## PROBLEM DESCRIPTION
Please write out each entry that follows, keeping it exactly the same.

(Collected data)
Start of Block

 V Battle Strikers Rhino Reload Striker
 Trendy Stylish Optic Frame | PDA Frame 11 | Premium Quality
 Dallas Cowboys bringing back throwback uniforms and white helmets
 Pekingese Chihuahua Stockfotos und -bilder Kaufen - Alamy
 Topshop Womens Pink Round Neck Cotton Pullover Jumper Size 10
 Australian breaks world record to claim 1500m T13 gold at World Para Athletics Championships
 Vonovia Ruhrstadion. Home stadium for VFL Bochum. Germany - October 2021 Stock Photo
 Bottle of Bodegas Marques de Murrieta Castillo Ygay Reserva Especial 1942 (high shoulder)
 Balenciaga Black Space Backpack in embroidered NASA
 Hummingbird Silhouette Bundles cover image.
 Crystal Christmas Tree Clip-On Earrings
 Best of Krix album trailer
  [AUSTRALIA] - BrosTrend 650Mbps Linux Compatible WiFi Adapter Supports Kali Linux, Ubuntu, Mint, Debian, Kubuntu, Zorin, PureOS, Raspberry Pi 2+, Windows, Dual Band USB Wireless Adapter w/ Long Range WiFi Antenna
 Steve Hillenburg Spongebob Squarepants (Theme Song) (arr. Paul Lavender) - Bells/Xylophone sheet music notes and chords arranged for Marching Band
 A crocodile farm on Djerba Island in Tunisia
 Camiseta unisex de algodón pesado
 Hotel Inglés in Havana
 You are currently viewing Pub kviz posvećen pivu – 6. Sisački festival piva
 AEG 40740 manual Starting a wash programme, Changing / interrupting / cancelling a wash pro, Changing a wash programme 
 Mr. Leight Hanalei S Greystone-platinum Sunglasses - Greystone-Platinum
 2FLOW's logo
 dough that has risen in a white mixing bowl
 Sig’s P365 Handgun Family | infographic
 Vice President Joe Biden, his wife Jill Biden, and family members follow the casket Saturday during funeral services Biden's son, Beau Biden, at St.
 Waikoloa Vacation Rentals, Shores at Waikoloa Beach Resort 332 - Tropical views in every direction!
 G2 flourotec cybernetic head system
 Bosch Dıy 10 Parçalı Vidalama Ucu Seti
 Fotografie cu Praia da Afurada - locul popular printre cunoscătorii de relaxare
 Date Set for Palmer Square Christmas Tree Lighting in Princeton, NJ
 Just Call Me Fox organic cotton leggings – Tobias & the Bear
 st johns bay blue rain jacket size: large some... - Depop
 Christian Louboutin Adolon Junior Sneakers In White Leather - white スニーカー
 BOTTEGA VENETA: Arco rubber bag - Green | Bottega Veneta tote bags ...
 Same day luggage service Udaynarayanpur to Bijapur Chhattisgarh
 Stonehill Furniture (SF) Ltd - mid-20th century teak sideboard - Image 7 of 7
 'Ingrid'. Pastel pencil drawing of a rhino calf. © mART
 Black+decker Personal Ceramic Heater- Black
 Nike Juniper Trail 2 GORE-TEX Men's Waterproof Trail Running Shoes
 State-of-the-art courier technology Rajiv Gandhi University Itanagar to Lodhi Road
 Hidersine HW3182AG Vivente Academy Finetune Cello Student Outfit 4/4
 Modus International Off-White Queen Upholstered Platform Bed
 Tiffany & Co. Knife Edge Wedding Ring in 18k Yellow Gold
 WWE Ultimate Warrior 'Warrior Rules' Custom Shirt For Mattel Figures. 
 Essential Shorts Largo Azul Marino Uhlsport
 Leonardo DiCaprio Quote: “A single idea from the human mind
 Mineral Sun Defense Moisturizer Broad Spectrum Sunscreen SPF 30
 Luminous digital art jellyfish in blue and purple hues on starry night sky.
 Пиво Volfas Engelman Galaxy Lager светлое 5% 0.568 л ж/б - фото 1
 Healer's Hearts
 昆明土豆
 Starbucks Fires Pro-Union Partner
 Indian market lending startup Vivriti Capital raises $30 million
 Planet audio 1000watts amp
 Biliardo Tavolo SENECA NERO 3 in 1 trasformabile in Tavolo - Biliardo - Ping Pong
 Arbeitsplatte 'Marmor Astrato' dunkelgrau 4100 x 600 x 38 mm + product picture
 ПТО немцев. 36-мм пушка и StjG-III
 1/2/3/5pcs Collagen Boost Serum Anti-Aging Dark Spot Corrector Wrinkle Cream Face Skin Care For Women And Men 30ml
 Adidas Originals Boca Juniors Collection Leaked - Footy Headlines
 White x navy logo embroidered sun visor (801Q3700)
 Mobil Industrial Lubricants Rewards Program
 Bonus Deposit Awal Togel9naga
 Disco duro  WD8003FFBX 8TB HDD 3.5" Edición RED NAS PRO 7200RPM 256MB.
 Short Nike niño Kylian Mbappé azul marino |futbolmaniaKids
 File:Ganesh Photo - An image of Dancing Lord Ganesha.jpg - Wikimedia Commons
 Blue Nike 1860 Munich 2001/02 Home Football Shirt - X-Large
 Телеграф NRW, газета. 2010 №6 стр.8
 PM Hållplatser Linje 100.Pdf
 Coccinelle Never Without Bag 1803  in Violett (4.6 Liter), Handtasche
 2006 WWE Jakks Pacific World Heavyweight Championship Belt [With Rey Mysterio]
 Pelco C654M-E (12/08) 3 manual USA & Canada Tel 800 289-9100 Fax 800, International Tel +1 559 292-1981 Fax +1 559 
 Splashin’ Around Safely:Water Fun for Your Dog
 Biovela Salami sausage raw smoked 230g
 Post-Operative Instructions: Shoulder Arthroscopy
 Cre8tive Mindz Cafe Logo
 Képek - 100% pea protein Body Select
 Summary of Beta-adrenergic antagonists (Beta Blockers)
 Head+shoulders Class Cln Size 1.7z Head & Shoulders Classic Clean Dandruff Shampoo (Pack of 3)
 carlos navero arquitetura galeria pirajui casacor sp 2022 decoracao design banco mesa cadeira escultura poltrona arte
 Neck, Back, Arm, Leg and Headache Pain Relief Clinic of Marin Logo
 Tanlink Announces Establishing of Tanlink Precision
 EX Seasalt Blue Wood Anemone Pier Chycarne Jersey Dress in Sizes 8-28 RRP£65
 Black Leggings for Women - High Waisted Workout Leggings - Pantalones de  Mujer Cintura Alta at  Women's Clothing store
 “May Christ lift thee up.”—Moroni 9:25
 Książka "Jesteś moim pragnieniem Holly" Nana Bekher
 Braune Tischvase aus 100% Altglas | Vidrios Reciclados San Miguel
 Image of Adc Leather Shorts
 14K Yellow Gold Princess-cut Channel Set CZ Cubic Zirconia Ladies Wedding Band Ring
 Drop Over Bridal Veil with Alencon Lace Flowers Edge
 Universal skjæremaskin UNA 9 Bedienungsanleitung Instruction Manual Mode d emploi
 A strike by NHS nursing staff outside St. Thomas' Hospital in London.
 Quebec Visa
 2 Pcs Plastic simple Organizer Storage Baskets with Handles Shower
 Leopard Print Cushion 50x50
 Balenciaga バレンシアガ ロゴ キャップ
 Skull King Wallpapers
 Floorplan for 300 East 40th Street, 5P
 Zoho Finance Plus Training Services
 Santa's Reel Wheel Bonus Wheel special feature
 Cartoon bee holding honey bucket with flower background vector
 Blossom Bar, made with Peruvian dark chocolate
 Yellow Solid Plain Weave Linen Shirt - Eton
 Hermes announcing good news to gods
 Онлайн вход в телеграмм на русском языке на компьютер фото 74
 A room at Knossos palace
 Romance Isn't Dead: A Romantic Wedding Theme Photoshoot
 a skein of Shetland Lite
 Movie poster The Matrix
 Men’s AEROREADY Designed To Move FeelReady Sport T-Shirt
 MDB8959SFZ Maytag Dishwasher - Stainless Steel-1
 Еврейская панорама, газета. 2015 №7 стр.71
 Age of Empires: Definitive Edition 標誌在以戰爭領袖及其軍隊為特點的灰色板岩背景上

End of Block

## ANSWER FOR THE TASK
 V Battle Strikers Rhino Reload Striker
 Trendy Stylish Optic Frame | PDA Frame 11 | Premium Quality
 Dallas Cowboys bringing back throwback uniforms and white helmets
 Pekingese Chihuahua Stockfotos und -bilder Kaufen - Alamy
 Topshop Womens Pink Round Neck Cotton Pullover Jumper Size 10
 Australian breaks world record to claim 1500m T13 gold at World Para Athletics Championships
 Vonovia Ruhrstadion. Home stadium for VFL Bochum. Germany - October 2021 Stock Photo
 Bottle of Bodegas Marques de Murrieta Castillo Ygay Reserva Especial 1942 (high shoulder)
 Balenciaga Black Space Backpack in embroidered NASA
 Hummingbird Silhouette Bundles cover image.
 Crystal Christmas Tree Clip-On Earrings
 Best of Krix album trailer
  [AUSTRALIA] - BrosTrend 650Mbps Linux Compatible WiFi Adapter Supports Kali Linux, Ubuntu, Mint, Debian, Kubuntu, Zorin, PureOS, Raspberry Pi 2+, Windows, Dual Band USB Wireless Adapter w/ Long Range WiFi Antenna
 Steve Hillenburg Spongebob Squarepants (Theme Song) (arr. Paul Lavender) - Bells/Xylophone sheet music notes and chords arranged for Marching Band
 A crocodile farm on Djerba Island in Tunisia
 Camiseta unisex de algodón pesado
 Hotel Inglés in Havana
 You are currently viewing Pub kviz posvećen pivu – 6. Sisački festival piva
 AEG 40740 manual Starting a wash programme, Changing / interrupting / cancelling a wash pro, Changing a wash programme 
 Mr. Leight Hanalei S Greystone-platinum Sunglasses - Greystone-Platinum
 2FLOW's logo
 dough that has risen in a white mixing bowl
 Sig’s P365 Handgun Family | infographic
 Vice President Joe Biden, his wife Jill Biden, and family members follow the casket Saturday during funeral services Biden's son, Beau Biden, at St.
 Waikoloa Vacation Rentals, Shores at Waikoloa Beach Resort 332 - Tropical views in every direction!
 G2 flourotec cybernetic head system
 Bosch Dıy 10 Parçalı Vidalama Ucu Seti
 Fotografie cu Praia da Afurada - locul popular printre cunoscătorii de relaxare
 Date Set for Palmer Square Christmas Tree Lighting in Princeton, NJ
 Just Call Me Fox organic cotton leggings – Tobias & the Bear
 st johns bay blue rain jacket size: large some... - Depop
 Christian Louboutin Adolon Junior Sneakers In White Leather - white スニーカー
 BOTTEGA VENETA: Arco rubber bag - Green | Bottega Veneta tote bags ...
 Same day luggage service Udaynarayanpur to Bijapur Chhattisgarh
 Stonehill Furniture (SF) Ltd - mid-20th century teak sideboard - Image 7 of 7
 'Ingrid'. Pastel pencil drawing of a rhino calf. © mART
 Black+decker Personal Ceramic Heater- Black
 Nike Juniper Trail 2 GORE-TEX Men's Waterproof Trail Running Shoes
 State-of-the-art courier technology Rajiv Gandhi University Itanagar to Lodhi Road
 Hidersine HW3182AG Vivente Academy Finetune Cello Student Outfit 4/4
 Modus International Off-White Queen Upholstered Platform Bed
 Tiffany & Co. Knife Edge Wedding Ring in 18k Yellow Gold
 WWE Ultimate Warrior 'Warrior Rules' Custom Shirt For Mattel Figures. 
 Essential Shorts Largo Azul Marino Uhlsport
 Leonardo DiCaprio Quote: “A single idea from the human mind
 Mineral Sun Defense Moisturizer Broad Spectrum Sunscreen SPF 30
 Luminous digital art jellyfish in blue and purple hues on starry night sky.
 Пиво Volfas Engelman Galaxy Lager светлое 5% 0.568 л ж/б - фото 1
 Healer's Hearts
 昆明土豆
 Starbucks Fires Pro-Union Partner
 Indian market lending startup Vivriti Capital raises $30 million
 Planet audio 1000watts amp
 Biliardo Tavolo SENECA NERO 3 in 1 trasformabile in Tavolo - Biliardo - Ping Pong
 Arbeitsplatte 'Marmor Astrato' dunkelgrau 4100 x 600 x 38 mm + product picture
 ПТО немцев. 36-мм пушка и StjG-III
 1/2/3/5pcs Collagen Boost Serum Anti-Aging Dark Spot Corrector Wrinkle Cream Face Skin Care For Women And Men 30ml
 Adidas Originals Boca Juniors Collection Leaked - Footy Headlines
 White x navy logo embroidered sun visor (801Q3700)
 Mobil Industrial Lubricants Rewards Program
 Bonus Deposit Awal Togel9naga
 Disco duro  WD8003FFBX 8TB HDD 3.5" Edición RED NAS PRO 7200RPM 256MB.
 Short Nike niño Kylian Mbappé azul marino |futbolmaniaKids
 File:Ganesh Photo - An image of Dancing Lord Ganesha.jpg - Wikimedia Commons
 Blue Nike 1860 Munich 2001/02 Home Football Shirt - X-Large
 Телеграф NRW, газета. 2010 №6 стр.8
 PM Hållplatser Linje 100.Pdf
 Coccinelle Never Without Bag 1803  in Violett (4.6 Liter), Handtasche
 2006 WWE Jakks Pacific World Heavyweight Championship Belt [With Rey Mysterio]
 Pelco C654M-E (12/08) 3 manual USA & Canada Tel 800 289-9100 Fax 800, International Tel +1 559 292-1981 Fax +1 559 
 Splashin’ Around Safely:Water Fun for Your Dog
 Biovela Salami sausage raw smoked 230g
 Post-Operative Instructions: Shoulder Arthroscopy
 Cre8tive Mindz Cafe Logo
 Képek - 100% pea protein Body Select
 Summary of Beta-adrenergic antagonists (Beta Blockers)
 Head+shoulders Class Cln Size 1.7z Head & Shoulders Classic Clean Dandruff Shampoo (Pack of 3)
 carlos navero arquitetura galeria pirajui casacor sp 2022 decoracao design banco mesa cadeira escultura poltrona arte
 Neck, Back, Arm, Leg and Headache Pain Relief Clinic of Marin Logo
 Tanlink Announces Establishing of Tanlink Precision
 EX Seasalt Blue Wood Anemone Pier Chycarne Jersey Dress in Sizes 8-28 RRP£65
 Black Leggings for Women - High Waisted Workout Leggings - Pantalones de  Mujer Cintura Alta at  Women's Clothing store
 “May Christ lift thee up.”—Moroni 9:25
 Książka "Jesteś moim pragnieniem Holly" Nana Bekher
 Braune Tischvase aus 100% Altglas | Vidrios Reciclados San Miguel
 Image of Adc Leather Shorts
 14K Yellow Gold Princess-cut Channel Set CZ Cubic Zirconia Ladies Wedding Band Ring
 Drop Over Bridal Veil with Alencon Lace Flowers Edge
 Universal skjæremaskin UNA 9 Bedienungsanleitung Instruction Manual Mode d emploi
 A strike by NHS nursing staff outside St. Thomas' Hospital in London.
 Quebec Visa
 2 Pcs Plastic simple Organizer Storage Baskets with Handles Shower
 Leopard Print Cushion 50x50
 Balenciaga バレンシアガ ロゴ キャップ
 Skull King Wallpapers
 Floorplan for 300 East 40th Street, 5P
 Zoho Finance Plus Training Services
 Santa's Reel Wheel Bonus Wheel special feature
 Cartoon bee holding honey bucket with flower background vector
 Blossom Bar, made with Peruvian dark chocolate
 Yellow Solid Plain Weave Linen Shirt - Eton
 Hermes announcing good news to gods
 Онлайн вход в телеграмм на русском языке на компьютер фото 74
 A room at Knossos palace
 Romance Isn't Dead: A Romantic Wedding Theme Photoshoot
 a skein of Shetland Lite
 Movie poster The Matrix
 Men’s AEROREADY Designed To Move FeelReady Sport T-Shirt
 MDB8959SFZ Maytag Dishwasher - Stainless Steel-1
 Еврейская панорама, газета. 2015 №7 стр.71
 Age of Empires: Definitive Edition 標誌在以戰爭領袖及其軍隊為特點的灰色板岩背景上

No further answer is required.